Giovanni Enrico Aberle Sforza, better known as Juan Aberle, (11 December 1846 - 28 February 1930) was an Italian conductor and composer who lived in Guatemala and El Salvador.

==Biography==
Born in Naples, at eleven years of age, his obvious affinity for music led him to be enrolled in the Neapolitan Conservatory against the wishes of his parents, Heinrich Aberle and Angela Sforza. After completing his studies he went to New York City, where he was an opera director for five years.

Later, he undertook a musical tour of Latin America. Upon arriving in Guatemala City, he paused to establish a philharmonic society and music conservatory, which he directed from 1873 to 1879.

He then went to El Salvador and established a music school. While there, he composed the music for the Himno Nacional de El Salvador. Later, the Salvadoran government named him director of "La Banda de los Altos Poderes". Because of his advanced age, he retired from public life in 1922. He died in El Salvador in 1930.

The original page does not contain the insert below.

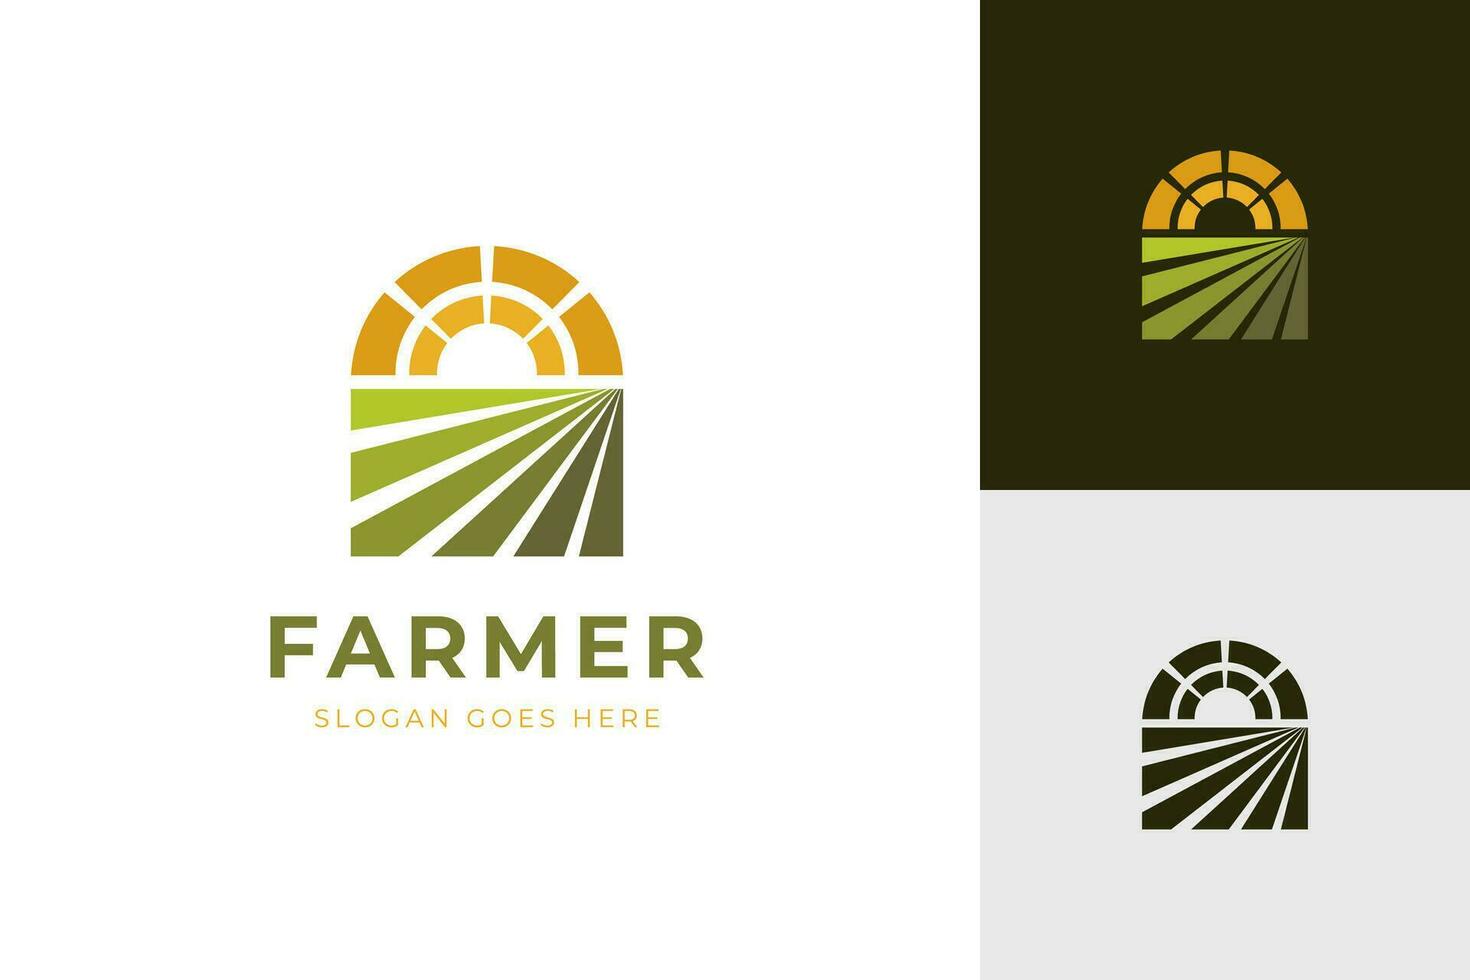 agricultura logo diseño para agronomía, trigo granja, rural país agricultura campo, natural cosecha vector

His preferred instrument was the piano. He composed a large quantity of chamber music and made transcriptions of opera arias for the piano. His march in honor of Francisco Morazán was declared the "National March" in 1882. He wrote two operas, of which "Ivanhoe" (based on the novel by Sir Walter Scott), is the best known. He also wrote a textbook, "Tratado de Armonía, Contrapunto y Fuga".

He died in San Salvador.

===The Salvadoran national anthem===
Aberle and General Juan José Cañas (who wrote the lyrics) originally received no compensation for their work. Twenty-three years later, on 4 April 1902, the President, Tomás Regalado, and the Legislative Assembly of El Salvador awarded a gold medal to each of them, along with an expression of national gratitude.